** RAW DATA follows **
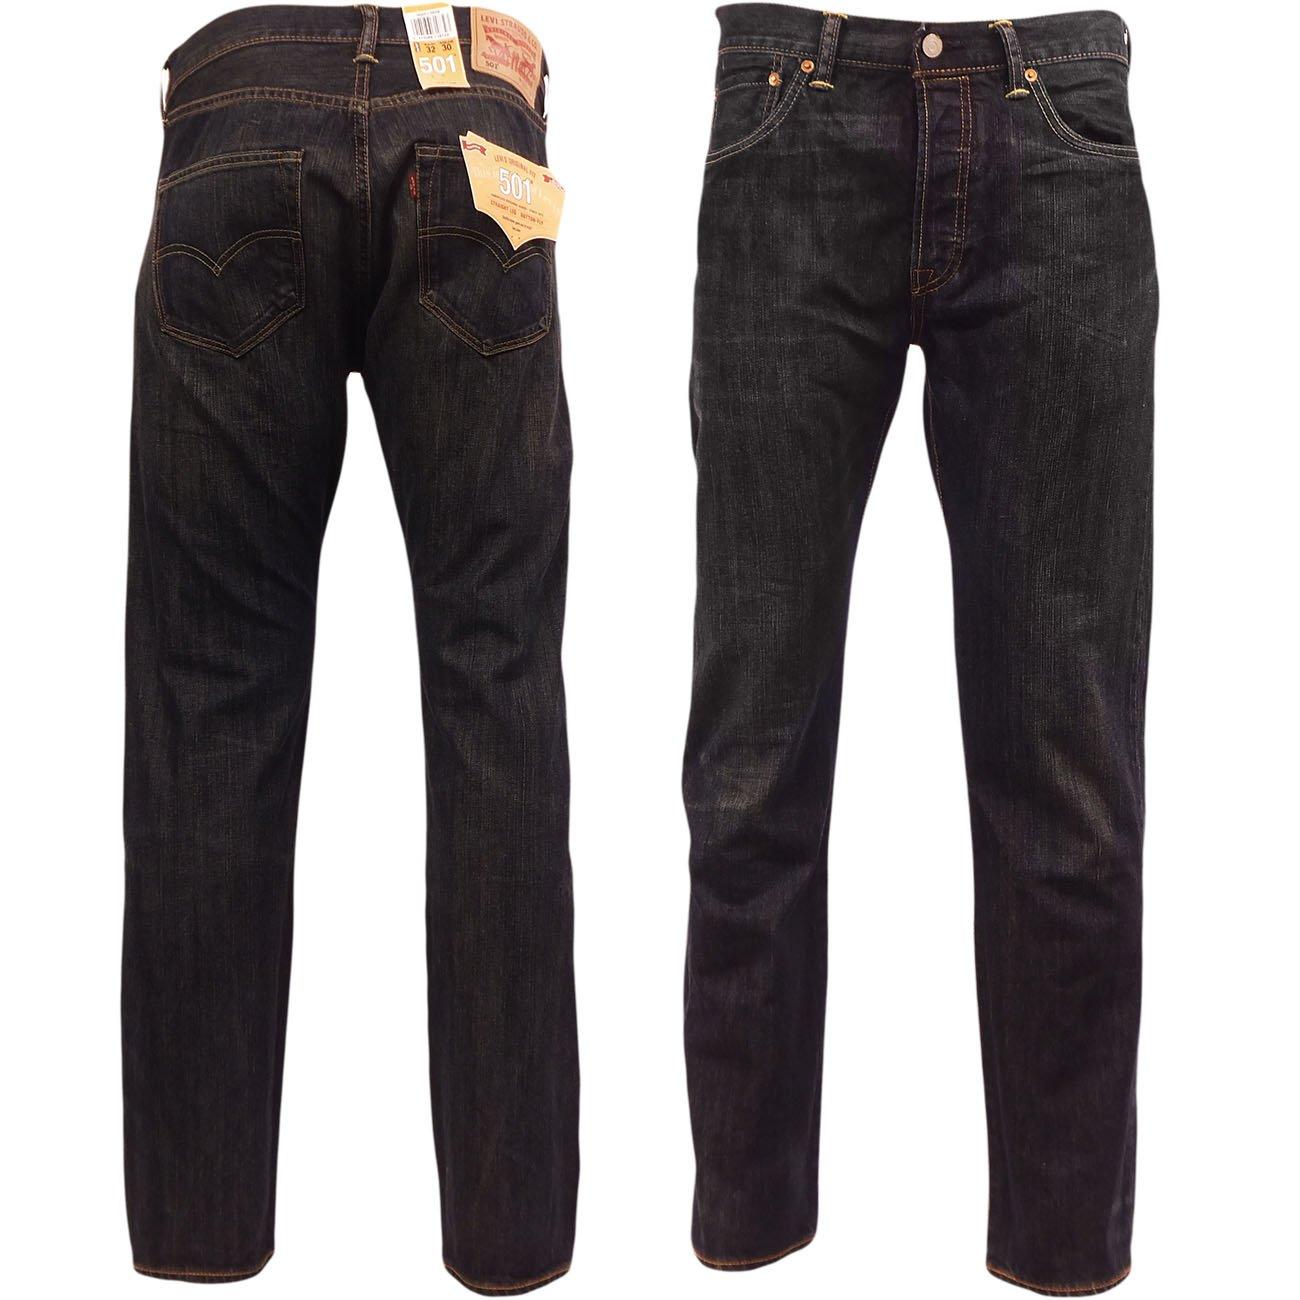 black jeans mens style photo - 1
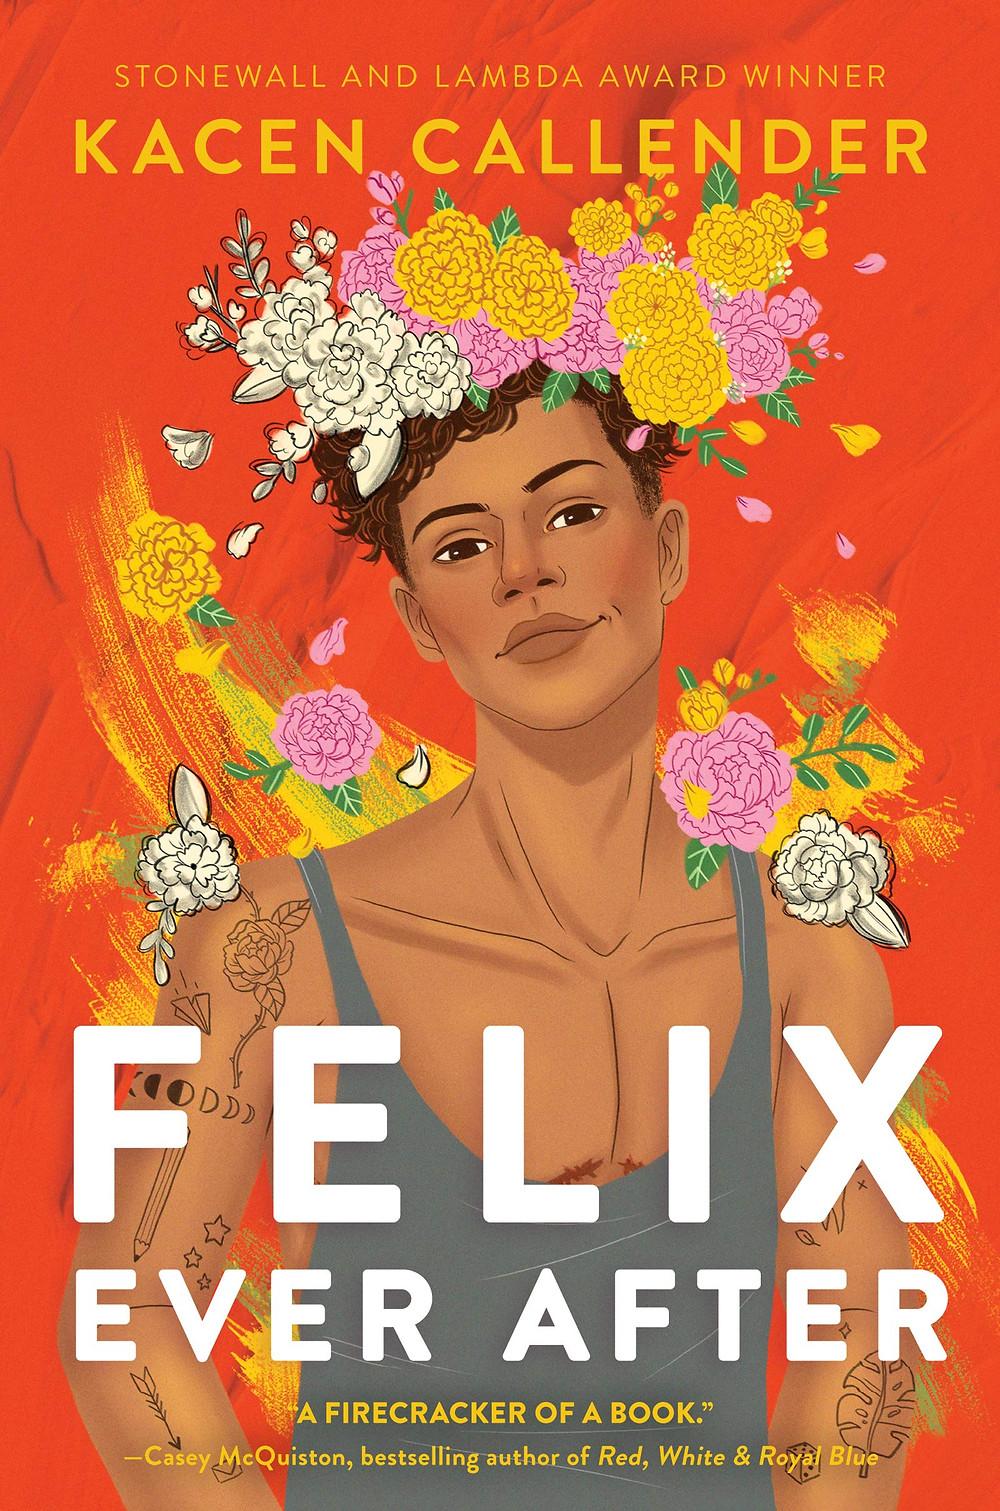 Book cover of Felix Ever After by Kacen Callender.
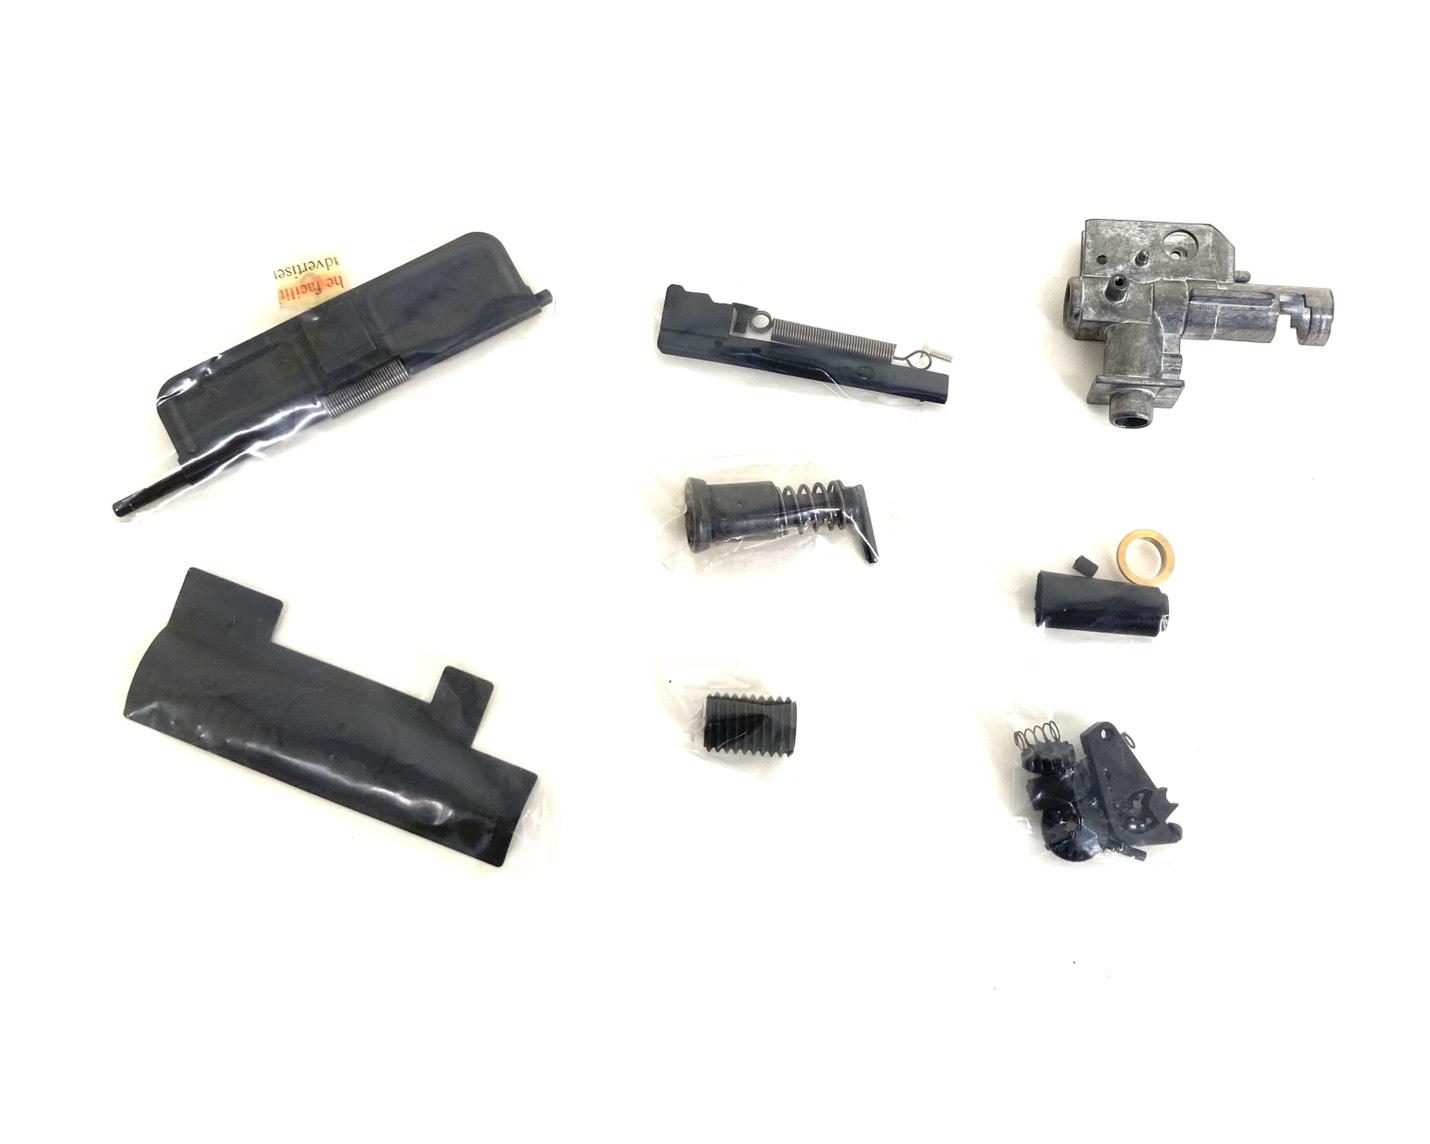 G&P GP-MEB020DE MOTS Taper Metal Receiver for Tokyo Marui M4 / M16 Series & G&P F.R.S
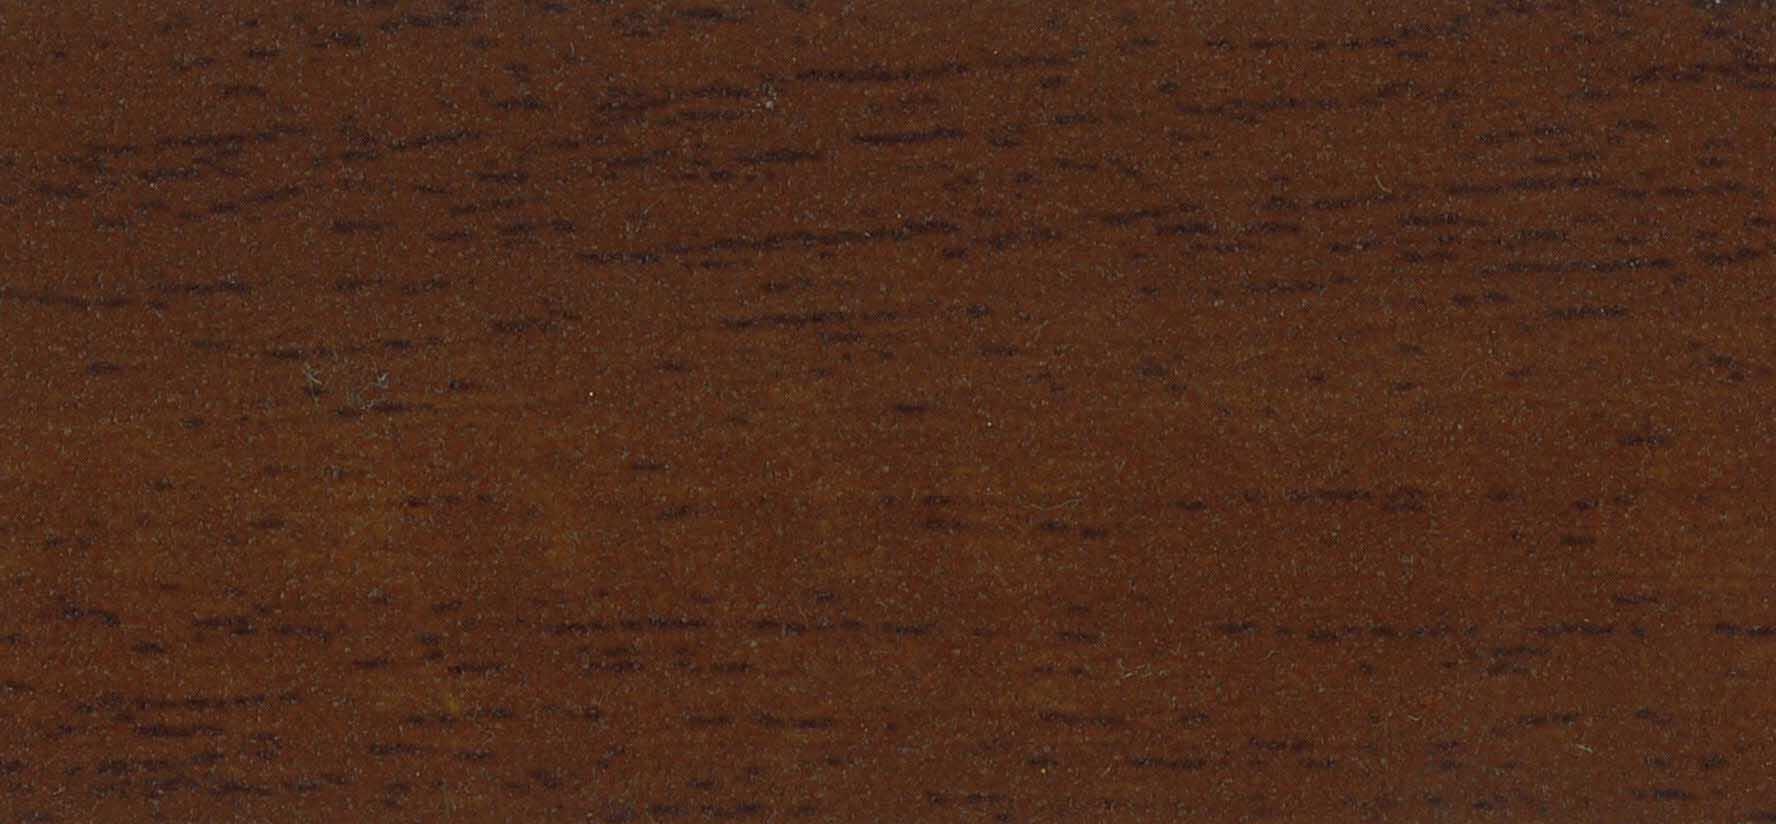 maderas sublimación S_002 - NOGAL OSCURO TEXTURADO
** End of RAW DATA **
WHAT IS REQUIRED
Reproduce, word for word, the lines from the one containing "Book cover of" through the final line above. Leave every picture out.

RESPONSE TO THE EXERCISE
 Book cover of Felix Ever After by Kacen Callender.
 G&P GP-MEB020DE MOTS Taper Metal Receiver for Tokyo Marui M4 / M16 Series & G&P F.R.S
 maderas sublimación S_002 - NOGAL OSCURO TEXTURADO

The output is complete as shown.